The transient hot wire method is a very popular, accurate and precise technique to measure the thermal conductivity of gases, liquids, solids, nanofluids and refrigerants in a wide temperature and pressure range. The technique is based on recording the transient temperature rise of a thin vertical metal wire with infinite length when a step voltage is applied to it. The wire is immersed in a fluid and can act both as an electrical heating element and a resistance thermometer. The transient hot wire method has advantage over the other thermal conductivity methods, since there is a fully developed theory and there is no calibration or single-point calibration. Furthermore, because of the very small measuring time there is no convection present in the measurements and only the thermal conductivity of the fluid is measured with very high accuracy. The most of the transient hot wire sensors used in academia consist of two identical very thin wires with only difference in the length. Sensors using a single wire are used both in academia and industry with the advantage over the two-wire sensors in the ease of handling of the sensor and change of the wire. An ASTM standard is published for the measurements of engine coolants using a single-transient hot wire method.
History
200 years ago scientists were using a crude version of this method to make the first ever thermal conductivity measurements on gases.
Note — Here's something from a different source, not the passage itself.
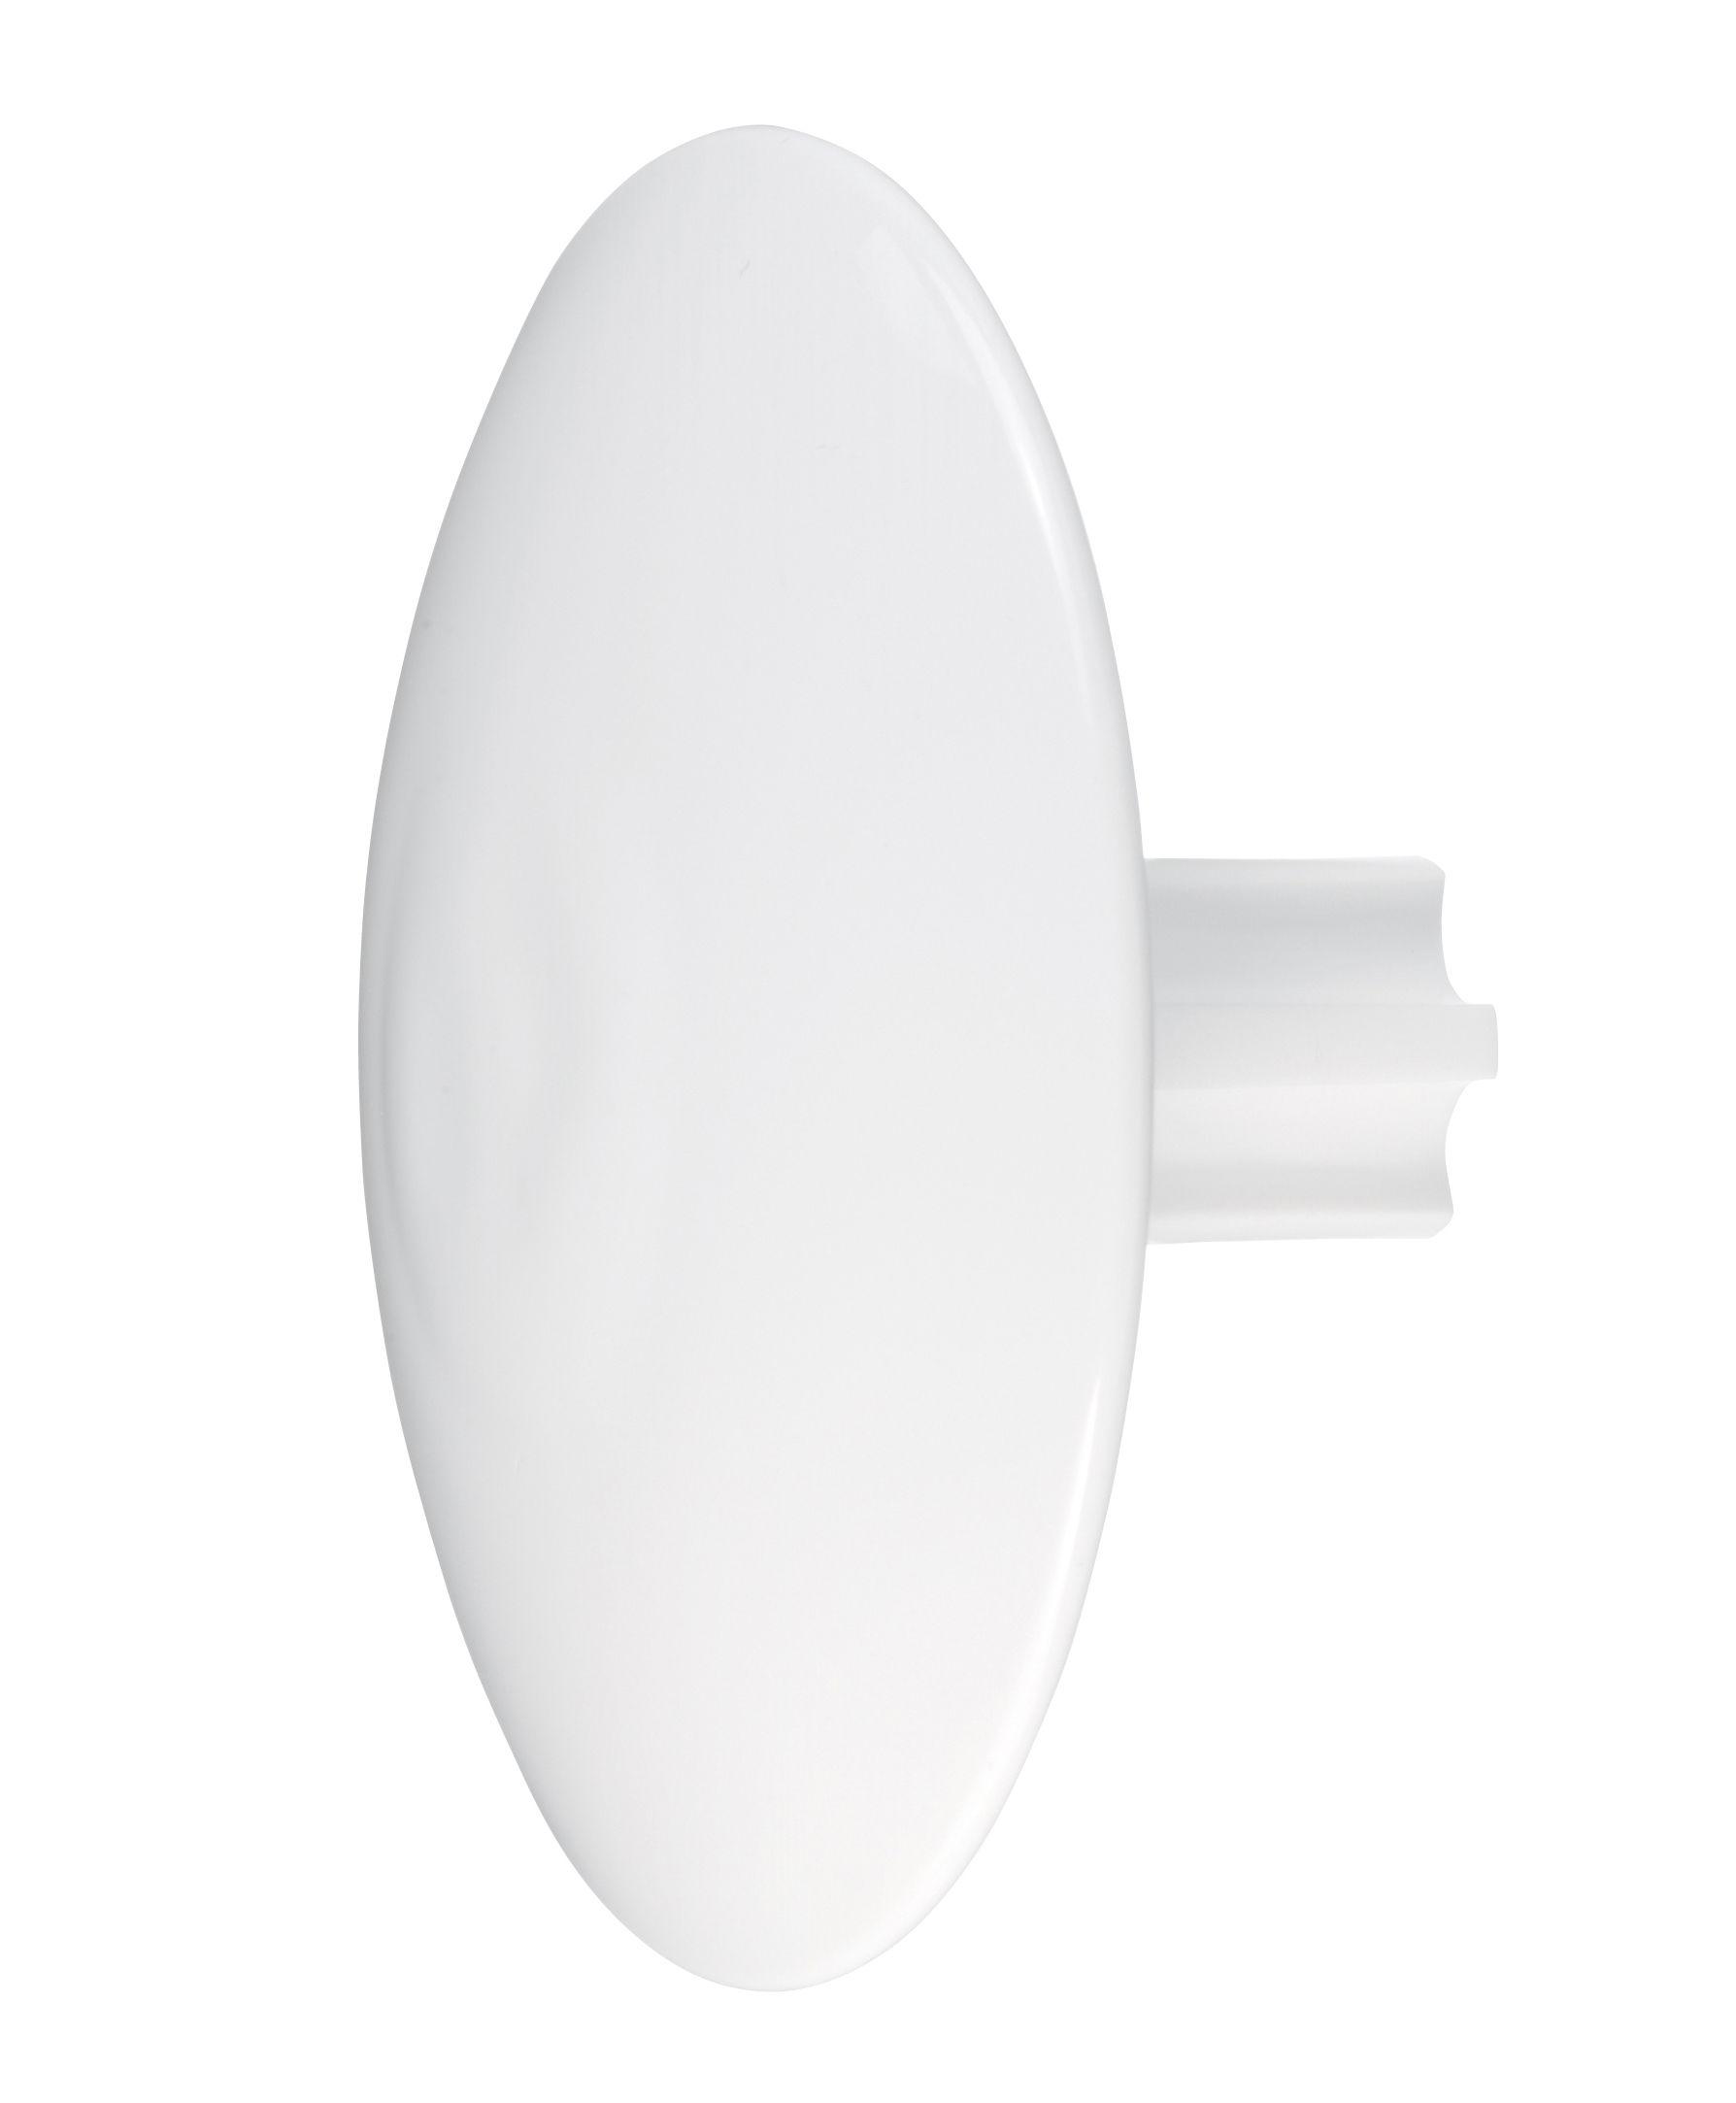 Mobilier - Portemanteaux, patères & portants - Patère Spot - Koziol - Blanc opaque - Plastique
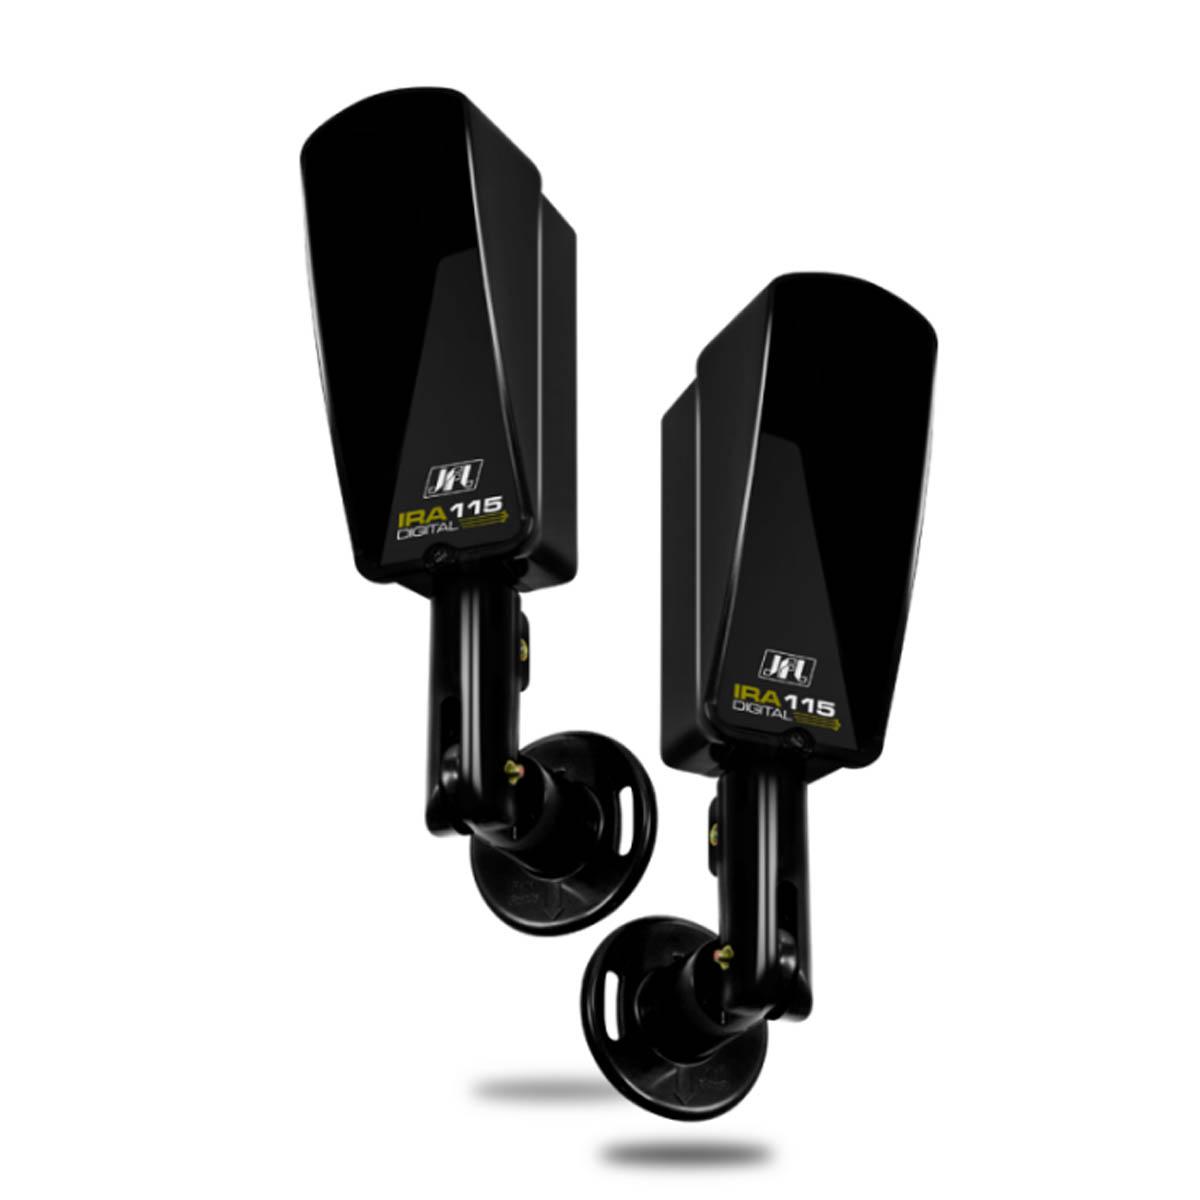 Sensor De Barreira JFL Feixe Simples 30MTS Com Suporte IRA-115 DIG V2

1781 - Joseph Priestley attempts to measure the ability of different gases to conduct heat using the heated wire experiment.
1931 - Sven Pyk and Bertil Stalhaneproposed the first “transient” hot wire method for the measurement of thermal conductivity of solids and powders. Unlike previous methods, the one devised by Pyk and Stalhane used shorter measurement times due to the transient nature of the measurement.
1971 - J. W. Haarman who introduced the electronic Wheatstone bridge that is a common feature of other modern transient methods.
1976 - Healy et al. published a journal article detailing the theory of the transient hot wire, described by an ideal solution with appropriate corrections to address effects like convection, among others.